I assume the others were getting the same treatment although I didn't
notice because of the pain. I can remember hearing my doctor being
paged repeatedly - I hadn't seen him yet. A student nurse spent much
of that time with me. I told her about my situation between pains
and she was very comforting. I can remember her offering her hand
to be held and I expressed that I feared I would hurt her hand.
When
the baby was about to be born I was wheeled into the delivery room
and put on the table. They had waited too long, but had shot me up
with Demerol which didn't control the pain at all, just made me very
uninhibited. It was a nightmare. They didn't have time to tie me down.
I just remember the head crowning and I reached down and felt his
head when I heard my doctor's voice yelling at me "Get your hand off
that head!" Someone tried to put a mask over my mouth and I do remember
scratching him or her because it felt as if they were trying to suffocate
me. That was all I remember of the delivery.
I
woke up in my bed later. An older nurse came to visit me and delivered
a speech at the end of my bed about which i remember snippets, such
as how she didn't know how I felt, that she had never had a child.
She was trying to be empathetic and insisted on calling me "Mrs.".
The same nurse later gave me a large needle to stop lactation even
though I said I wanted to breastfeed my baby. I assume this was DES.
It became clear that they weren't going to bring my baby to me although
they did that with all the other mothers. I staggered down the hall
and saw him behind glass in the nursery. I spent long hours in front
of the glass, the only one doing so, staring at him.
On
about the second or third day his basinette was more obscured, off
to the side, and I could read through the glass a note on it which
said "Mother does not want to see baby." This, a humiliating lie,
pierced my heart and for the first time invited my anger. I went back
to my room and cried and grew angrier. A nurse came in and I told
her that if I didn't get to hold my baby I would "refuse to give him
up for adoption". Shortly after my doctor appeared and I continued
my angry crying and asserted that I wouldn't give him up unless I
could hold him. The nurses scurried and brought him to me with a bottle.

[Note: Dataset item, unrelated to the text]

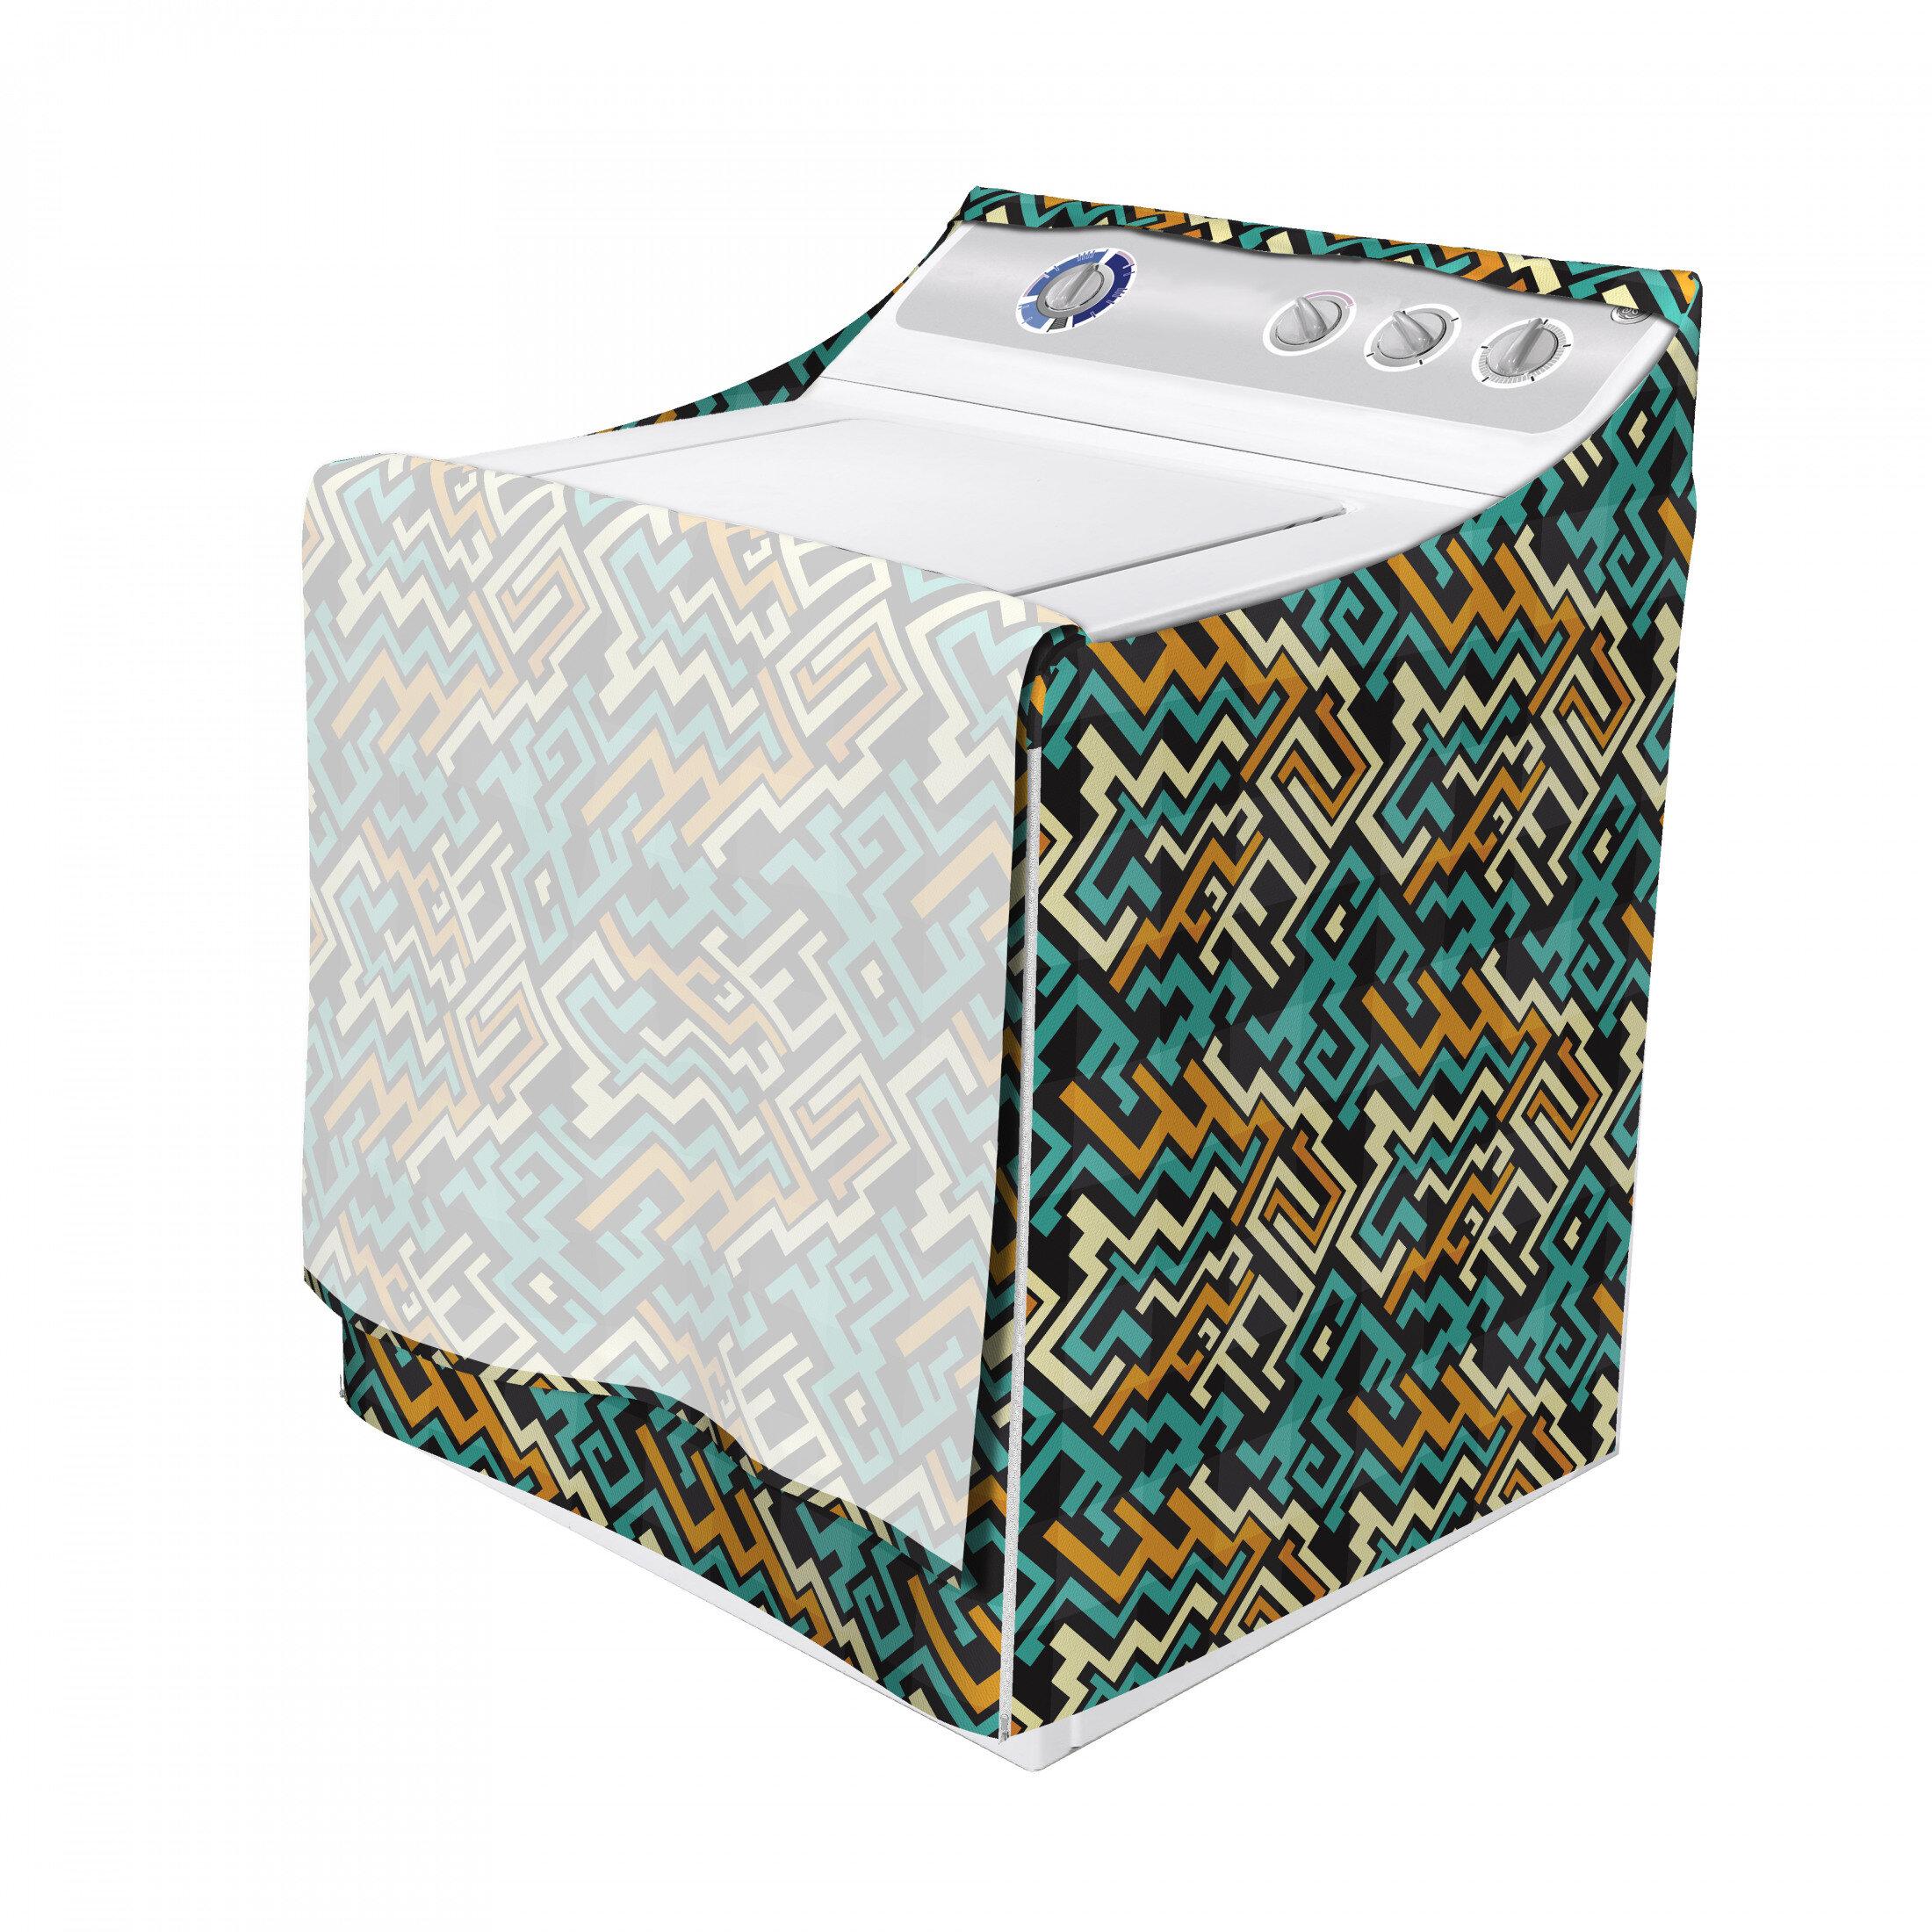 East Urban Home Abstract Modern Future Inspiration Line Art Surreal Design Washing Machine Cover Wayfair

We spent about an hour together, and after that I was back to looking
at him through the glass. One of my regrets is that I didn't insist
on seeing him regularly for the whole eight days that I was in the
hospital. Still, when I met Doug he was very happy that I had fought
that one time to hold him - it meant a lot to him.
His
potential adopters sent a doctor to examine him to make sure he was
perfectly healthy since they had lost a son to congenital heart disease
and wanted only a perfect baby. That doctor visited me and I cried
during the whole visit. I implored him to pass on one message, to
tell them to tell him that I didn't want to do this, that I had no
choice. He didn't do that. Instead, the information that he passed
on to them was that "She was a real good-looker." When I met Doug
he told me this AND that their son had died only five weeks before
he was adopted. I was furious, again. Doug had wondered all his life
if he had been dumped by a mother who "just wanted to get rid of that
thing" and had suffered great depression as a result of feeling dumped
by me. His adoptive father abused him verbally all his childhood because,
as a psychiatrist told Doug later, he wasn't the child who had died.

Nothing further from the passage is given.